Очень меткое наблюдение. У марксизма, как уже отмечалось, нет шансов для понимания национализма, это взаимоисключающие дискурсы. Марксист онтологически не способен понимать феномен нации, для него это именно аномалия, не укладывающаяся в односторонний дискурс ни классового, ни политэкономического подхода[574]. Но на этих коньках, как мы уже знаем, в теорию нации не въедешь, тут нужны другие, этнополитические подходы, которых марксистам не дано по определению.
Сие мы видим и на примере самого Андерсона. Забавна и показательна его обиженная ссылка на Маркса, выдающая бессильное недоумение перед феноменом национальности, что и характерно для настоящего марксиста:
«Чем… объяснить, что Маркс не растолковал ключевое понятие в своей памятной формулировке 1848 г.: ”Пролетариат каждой страны, конечно, должен сперва покончить со своей собственной буржуазией“? И чем… объяснить, что на протяжении целого столетия понятие “национальная буржуазия” использовалось без сколь-нибудь серьезных попыток теоретически обосновать уместность содержащегося в нем прилагательного? Почему теоретически значима именно эта сегментация буржуазии, которая есть класс всемирный, поскольку определяется через производственные отношения?» (28).
Как же так: выходит, сам основоположник марксизма косвенно признает существование не какой-нибудь всемирной, а именно национальной буржуазии, но при этом не дает своем верным адептам ключа к этому понятию, представляющему, с точки зрения марксизма, жестокий оксюморон! Обидно…
Посетовав на труднопостижимость проблемы, Андерсон, по примеру коллег, приступает к главке под названием «Понятия и определения», что похвально.

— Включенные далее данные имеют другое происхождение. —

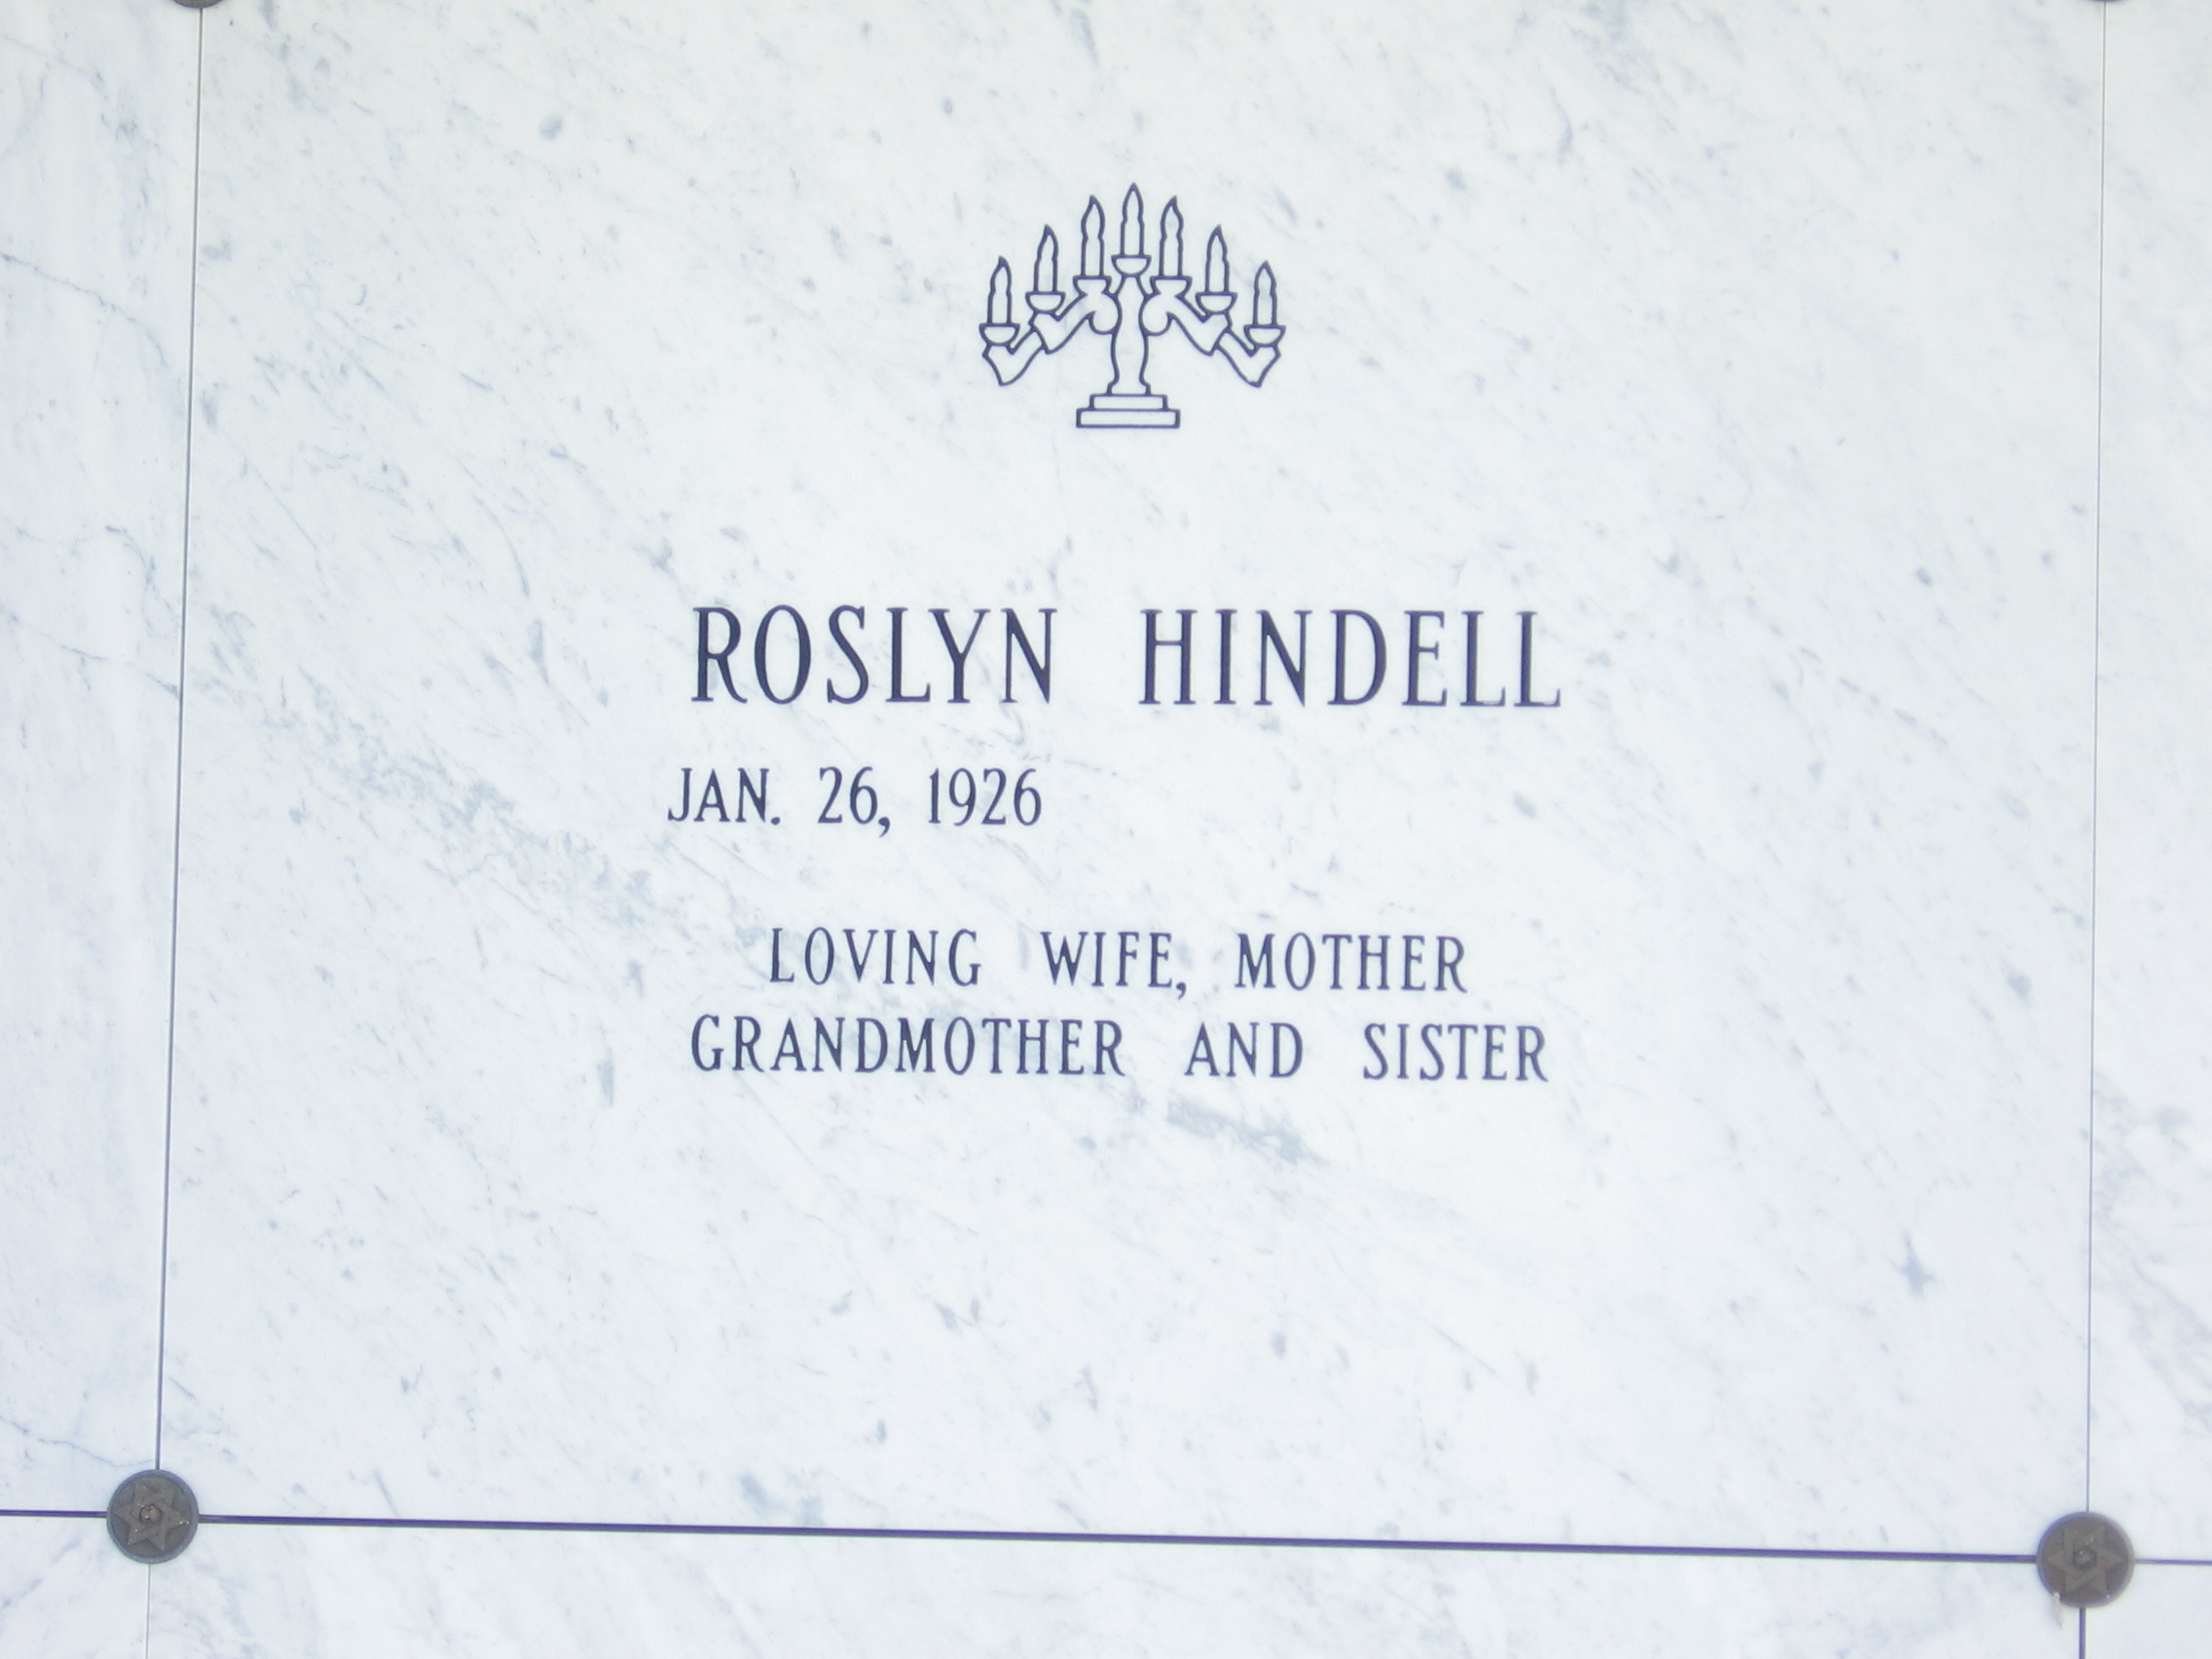 Roslyn Hindell

Да только вот получается у них это прямо по русской пословице: «начал гладью, а кончил гадью». Не даются им дефиниции, ускользают из рук!

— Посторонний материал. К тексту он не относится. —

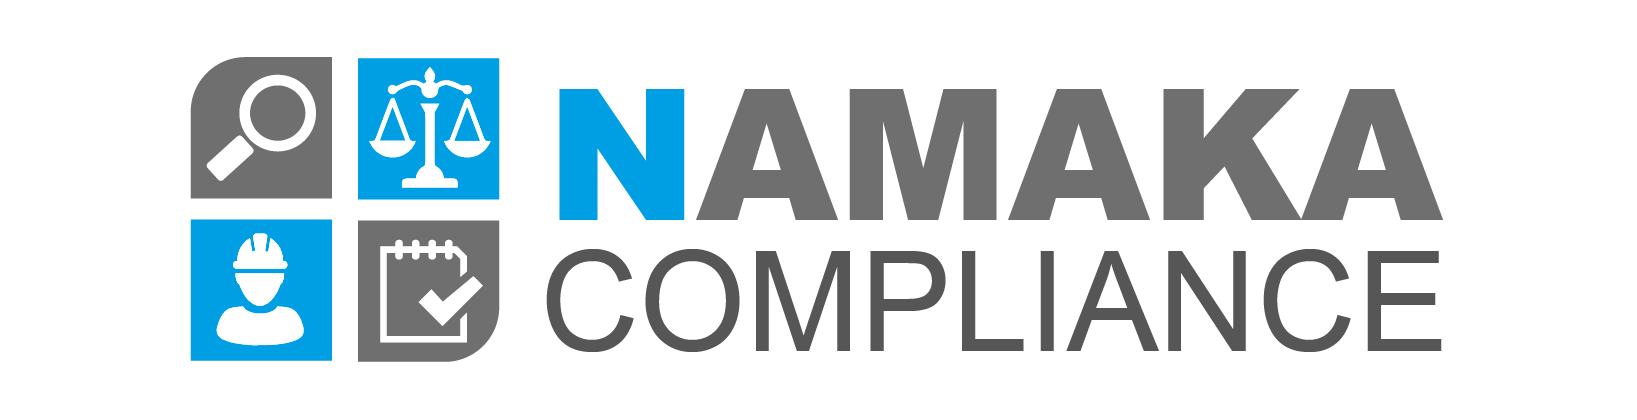 Namaka Compliance logo

В отличие от Маркса, Андерсон не допускает даже мысли о реальности наций: «Отправной точкой для меня стало то, что национальность — или, как было бы предпочтительнее сформулировать это понятие в свете многозначности данного слова, национальность (nation-ness), а вместе с ней и национализм являются особого рода культурными артефактами» (29).
Факт отождествления Андерсоном нации и национальности говорит о том, что и этот марксист не справился с дефиницией, элементарно запутался, как многие, в двусмысленных, многозначных английских лексемах.
Естественно, что выход Андерсон видит там, где его не существует. Он стремится показать, что наций нет в принципе, а есть лишь воображаемые сообщества, которым по тем или иным соображениям небескорыстные политики наклеивают этот ярлык:
«Я предлагаю следующее определение нации: это воображенное политическое сообщество, и воображается оно как что-то неизбежно ограниченное, но в то же время суверенное. Оно воображенное, поскольку члены даже самой маленькой нации никогда не будут знать большинства своих собратьев-по-нации, встречаться с ними или даже слышать о них, в то время как в умах каждого из них живет образ их общности» (30–31).
Интересные люди, эти западные марксисты! Ведь это вновь перед нами берклианство в чистом виде, против которого основоположники марксизма бились насмерть: я не вижу тебя, значит, ты существуешь только в моем воображении. С этой точки зрения и микробы — воображаемое сообщество, ведь мы и их тоже никогда не видели. Налицо запредельный, злостный идиотизм субъективного идеализма. Как будто перед нами махровый деревенщина, привыкший доверять только собственным глазам, и не верящий ни в каких «микробов», не признающий никаких абстракций. А вот поди ж ты — высокообразованный марксист!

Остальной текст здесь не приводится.